English soldier, courtier and diplomat

Sir Thomas Brandon, of Southwark, Surrey, and of Duddington, Northamptonshire (died 27 January 1510) was an English soldier, courtier and diplomat.

==Life==
He was from a Lancastrian family, the son of William Brandon (died 1491) of Southwark and Elizabeth Wingfield (died 1497), daughter of Sir Robert Wingfield of Letheringham, Suffolk. He was uncle to Charles Brandon, 1st Duke of Suffolk. His brother, William, was killed at the battle of Bosworth defending the standard of the future Henry VII. A contemporary manuscript speaks of Sir Thomas as having 'greatly favoured and followed the party of Henry, earl of Richmond.’

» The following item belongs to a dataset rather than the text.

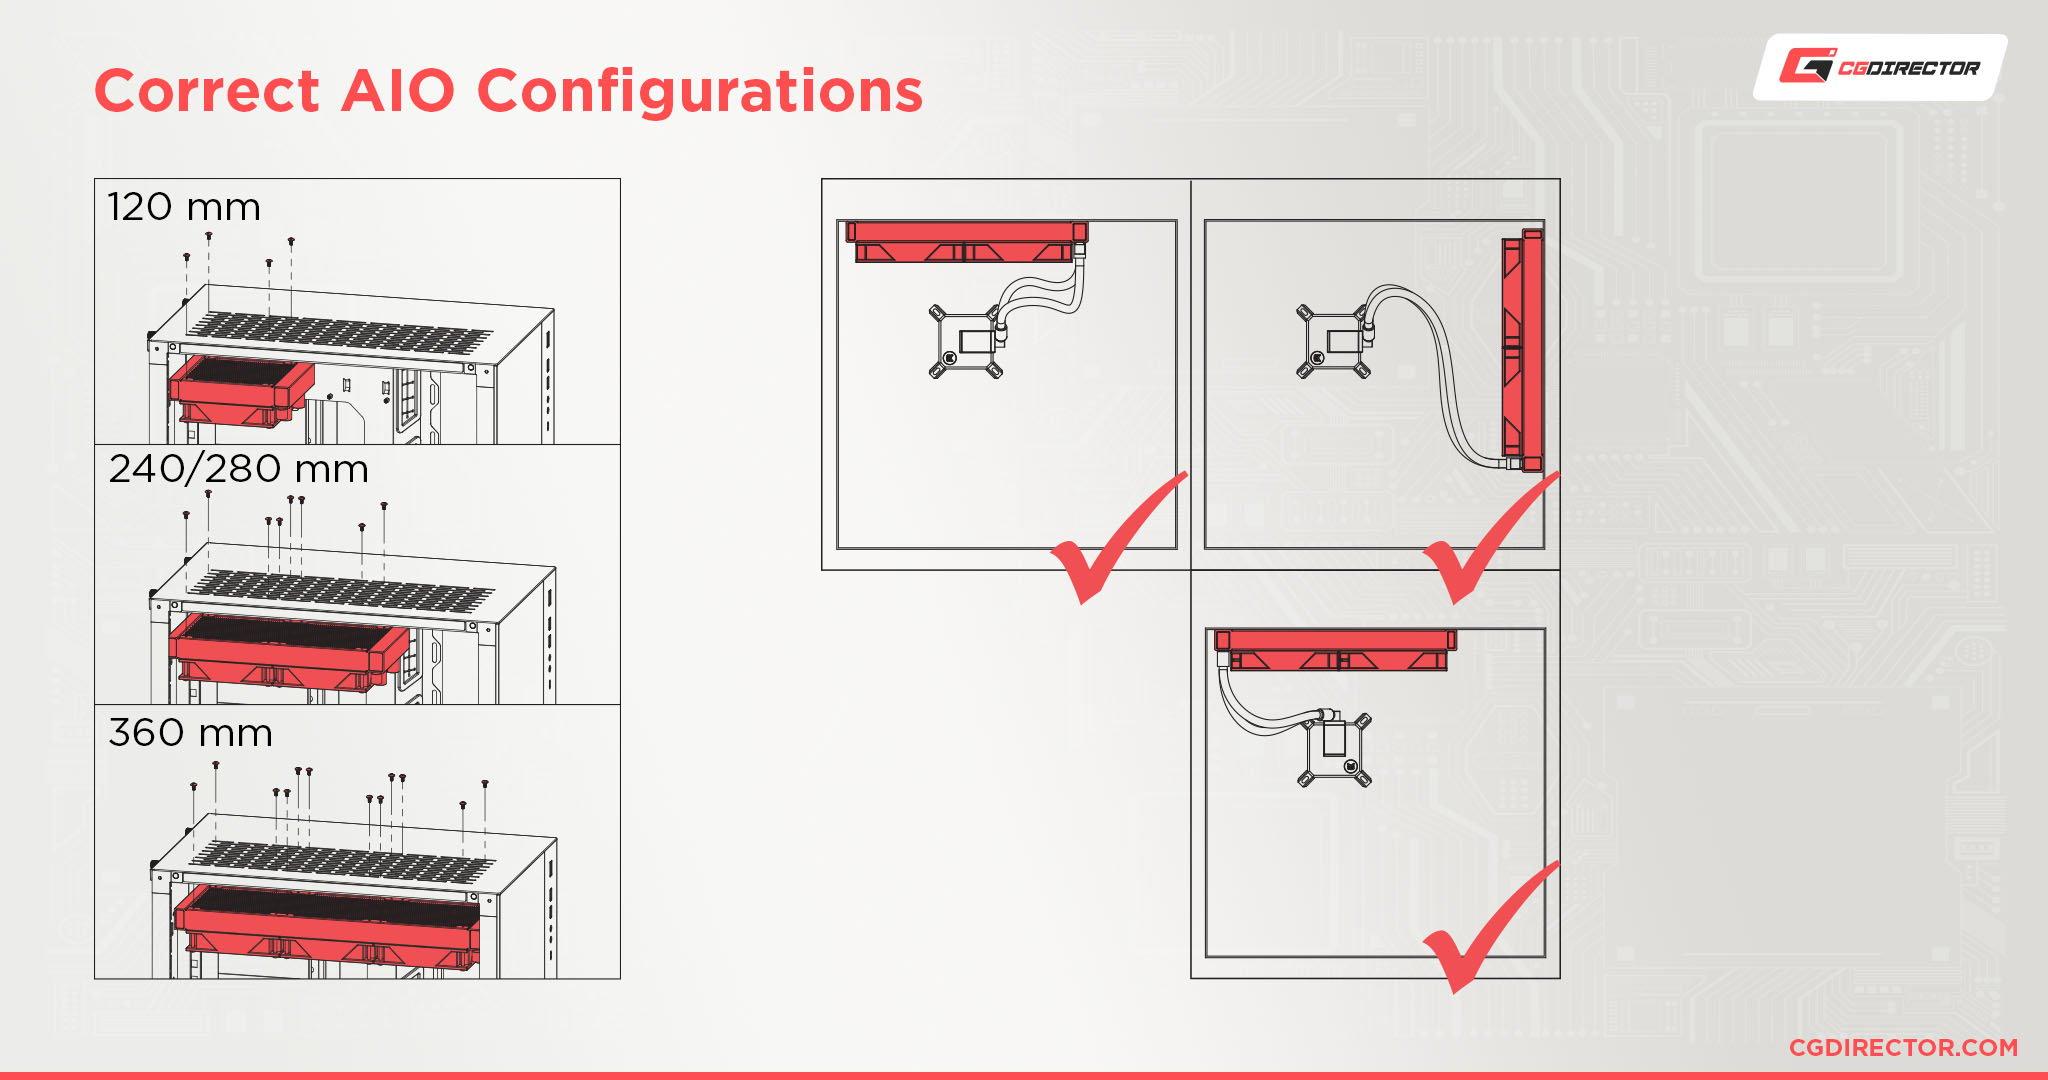 Correct AIO Configurations

He was appointed to the embassy charged with concluding peace with France in 1492, and again in 1500 he formed one of the suites which accompanied Henry VII to Calais to meet the Archduke Philip of Austria. In 1503, together with Nicholas West, he was given the mission of concluding a treaty with the Emperor Maximilian at Antwerp. The main object of this treaty was to induce Maximilian to withdraw his support from Edmund de la Pole, 3rd Duke of Suffolk, and banish him and the other English rebels from his dominions. Other points touched upon were the treatment of Milan and the question of Maximilian receiving the Order of the Garter. Maximilian was indecisive and allowed the English ambassadors to leave.

On his return to England, Brandon was given offices, including master of the king's horse. He was noted for his prowess as a knight and his skill in military affairs. In the records of a tournament held in 1494 to celebrate the creation of the Prince Henry as Knight of the Bath and Duke of York, Brandon is mentioned as having distinguished himself. He was made a Knight of the Garter.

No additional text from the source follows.